[Given records]

- Opening Delimiter -

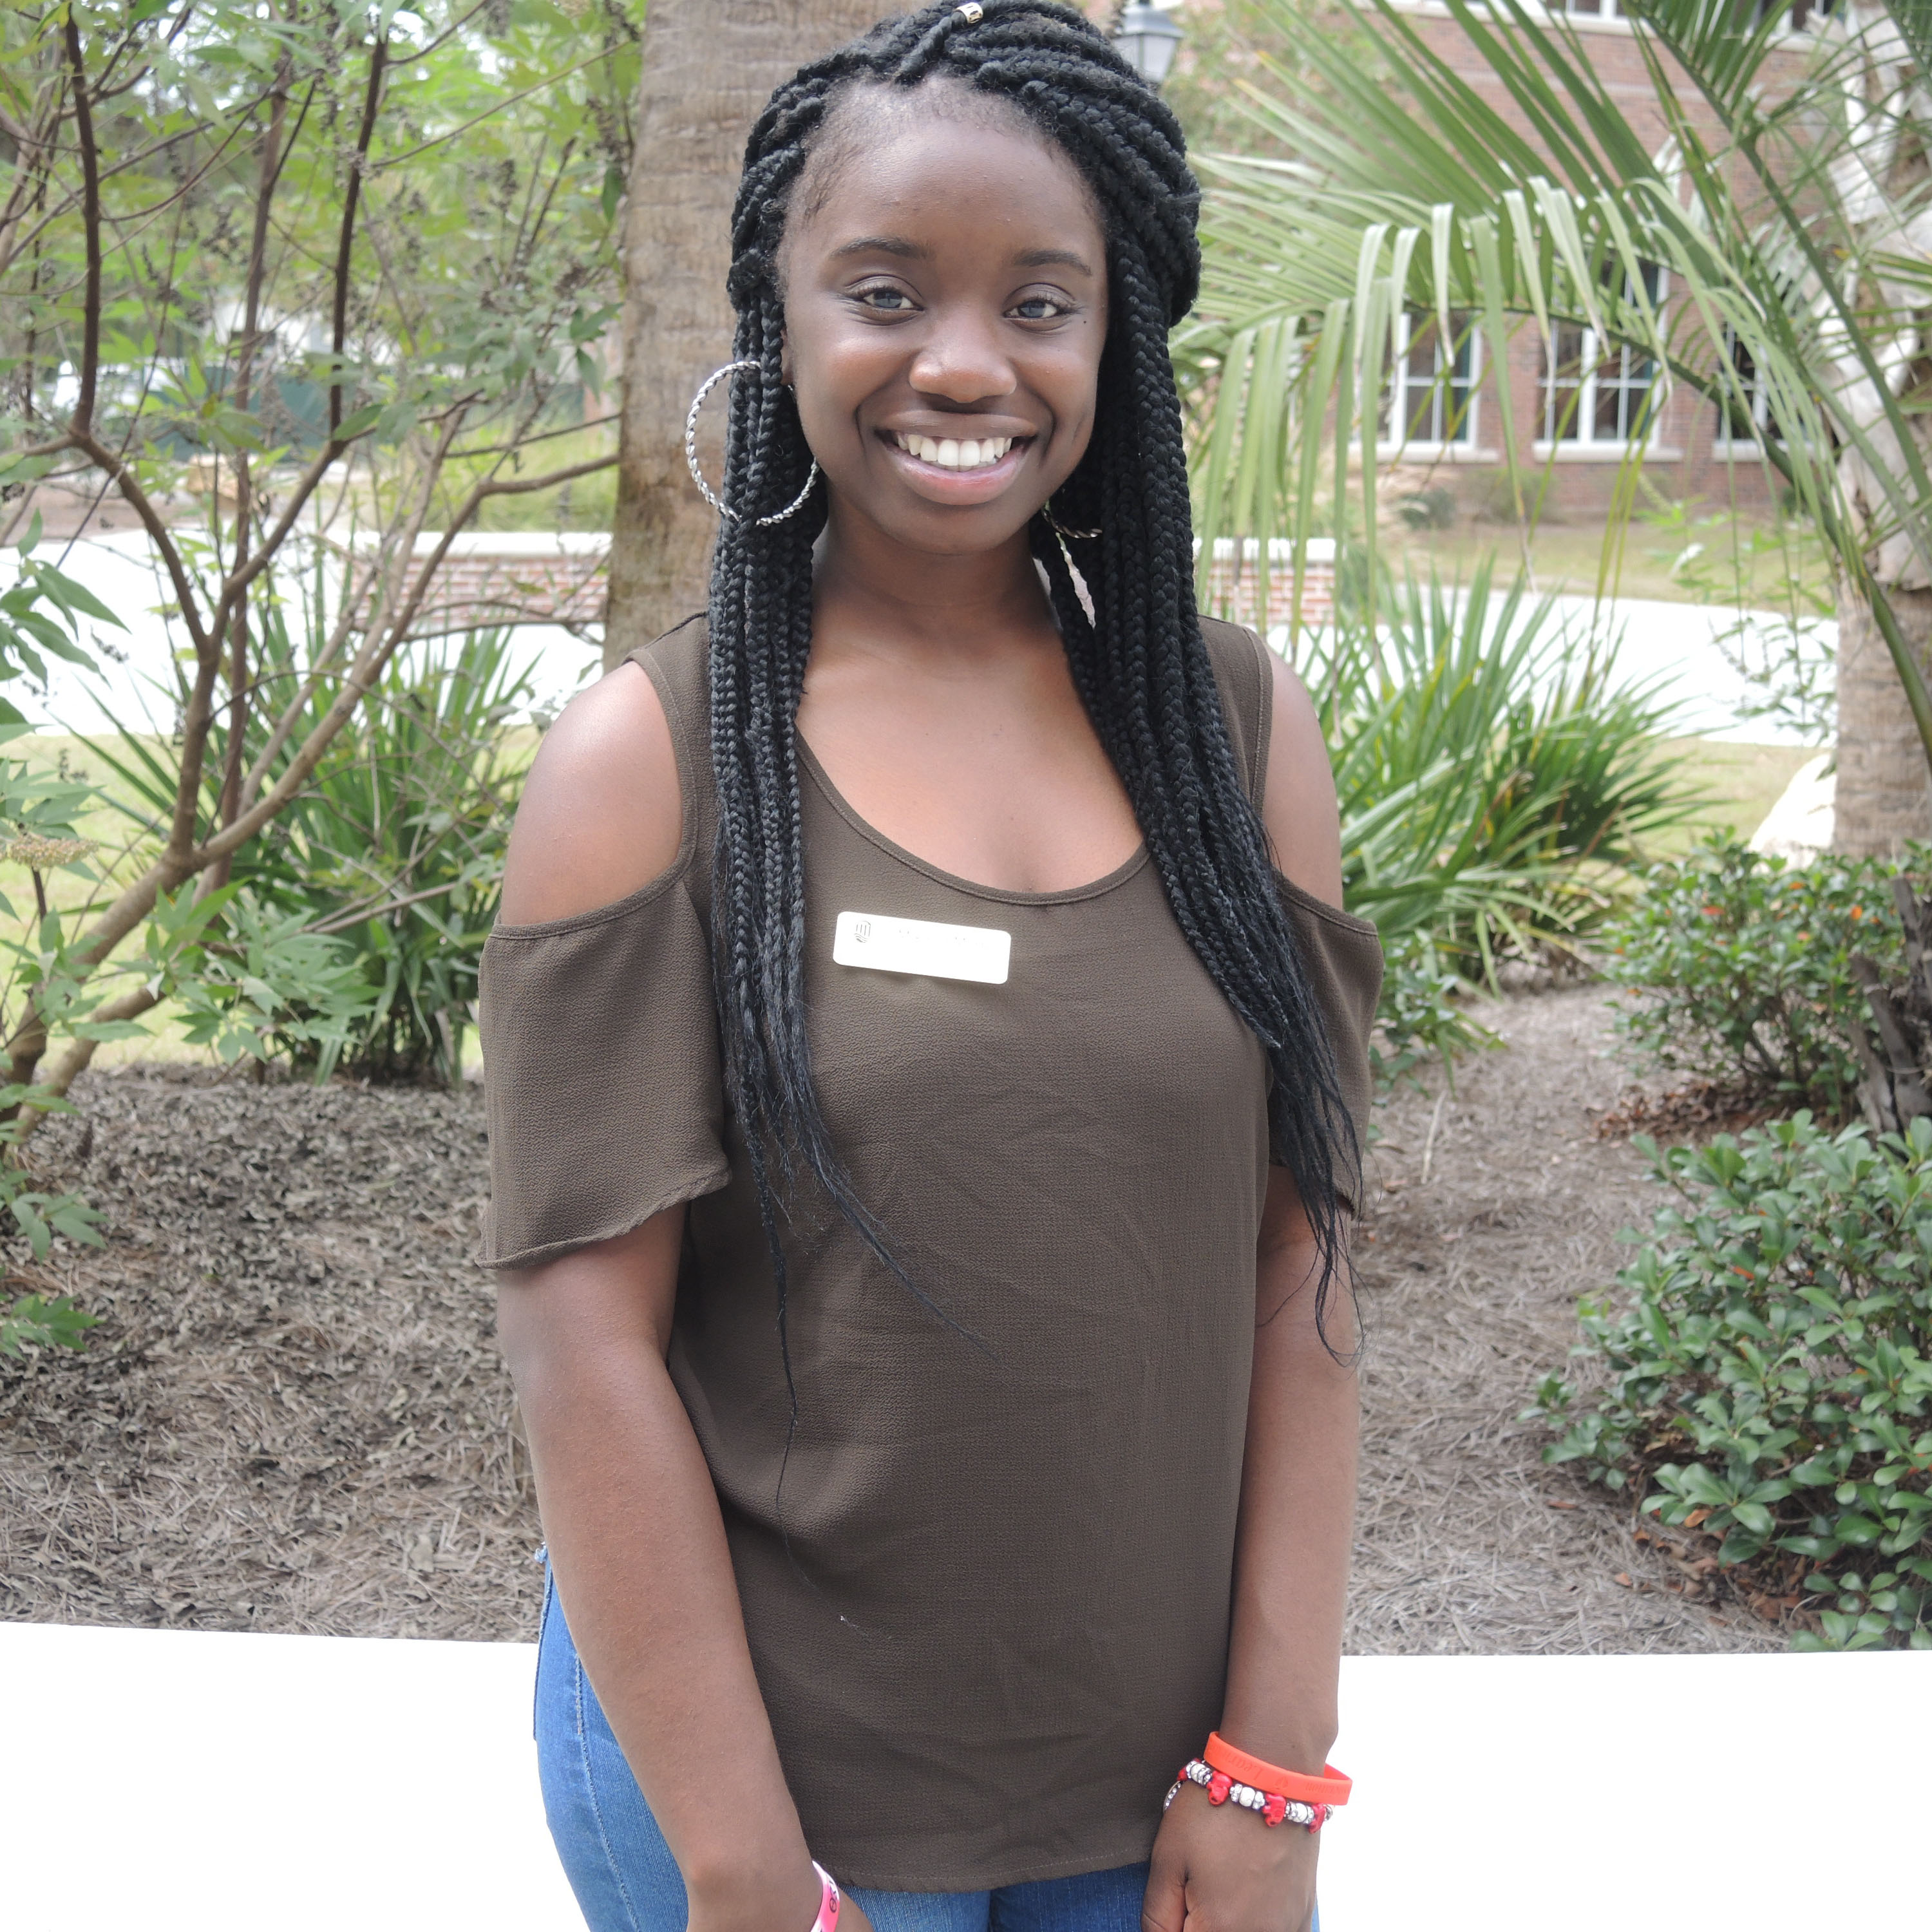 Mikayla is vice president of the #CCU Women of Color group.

- Closing Delimiter -
- Opening Delimiter -

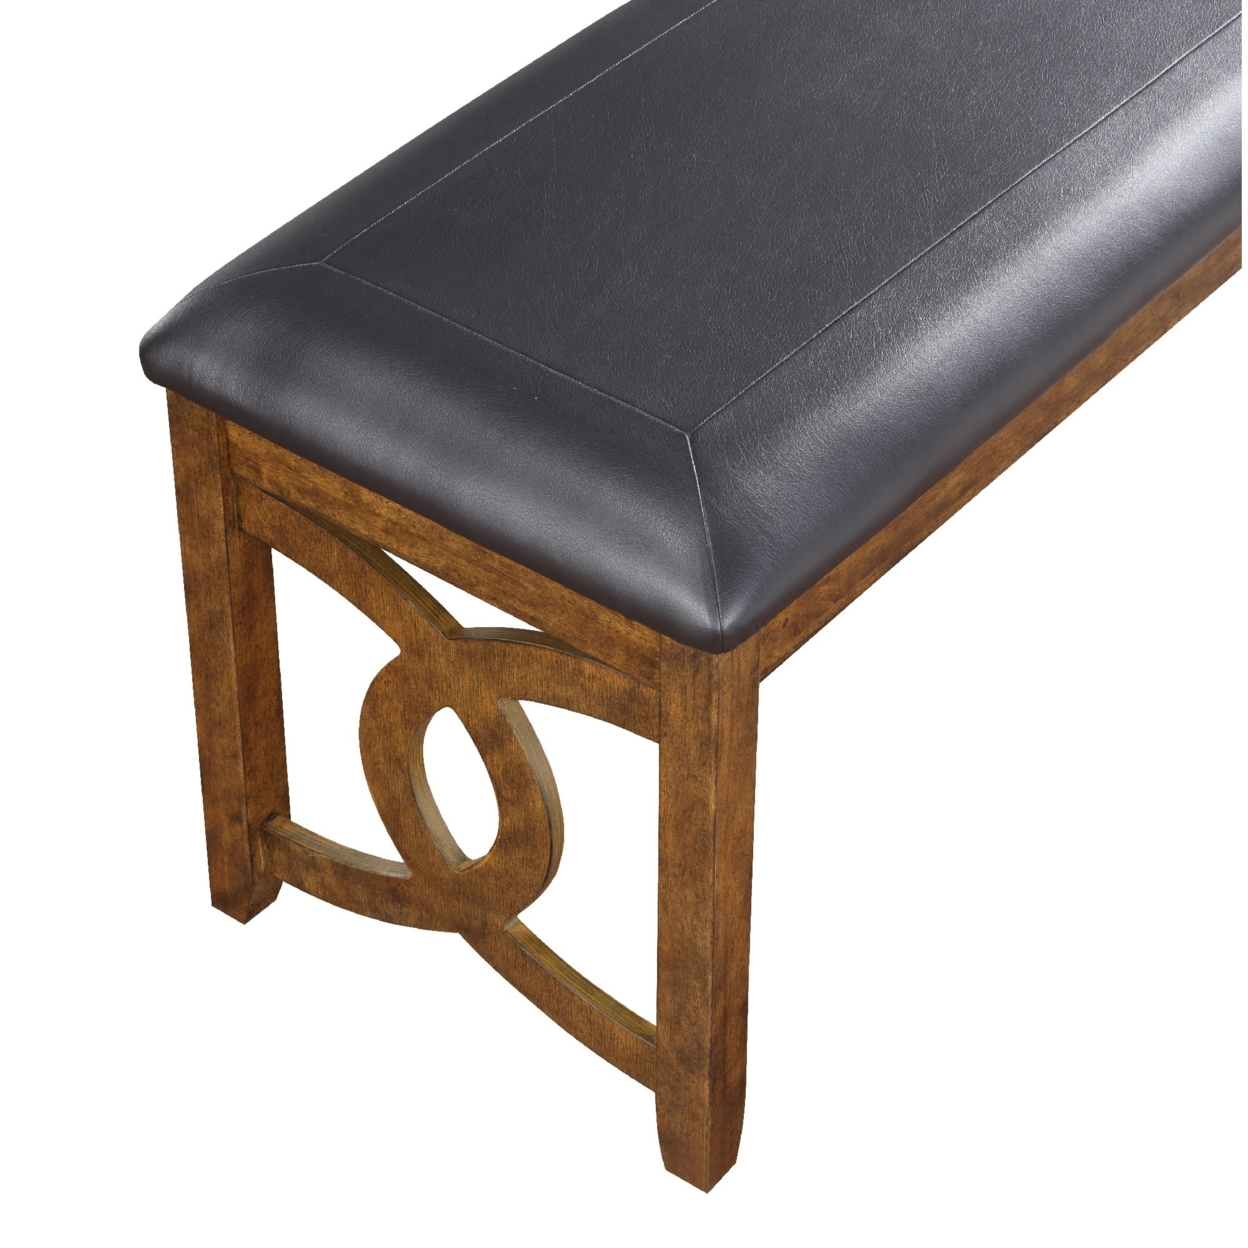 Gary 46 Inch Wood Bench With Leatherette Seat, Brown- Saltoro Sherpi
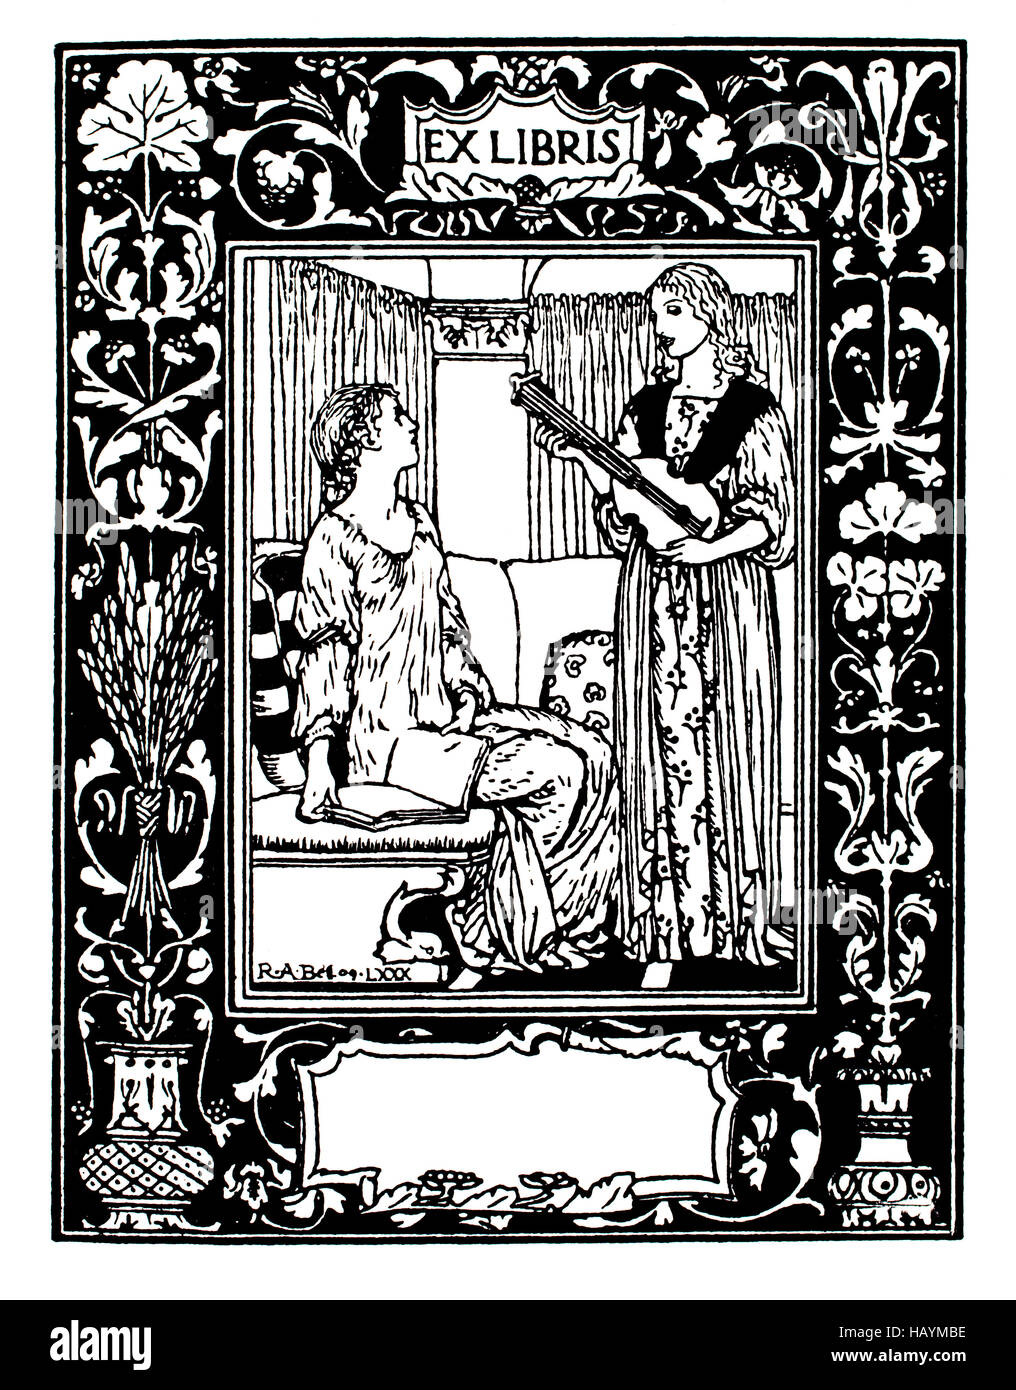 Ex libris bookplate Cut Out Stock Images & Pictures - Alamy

- Closing Delimiter -

[Action item]
With the pictures omitted, copy the entries above exactly from the line containing "Gary 46 Inch" through the line containing "Ex libris bookplate", both lines included.

[Your response]
 Gary 46 Inch Wood Bench With Leatherette Seat, Brown- Saltoro Sherpi
 Ex libris bookplate Cut Out Stock Images & Pictures - Alamy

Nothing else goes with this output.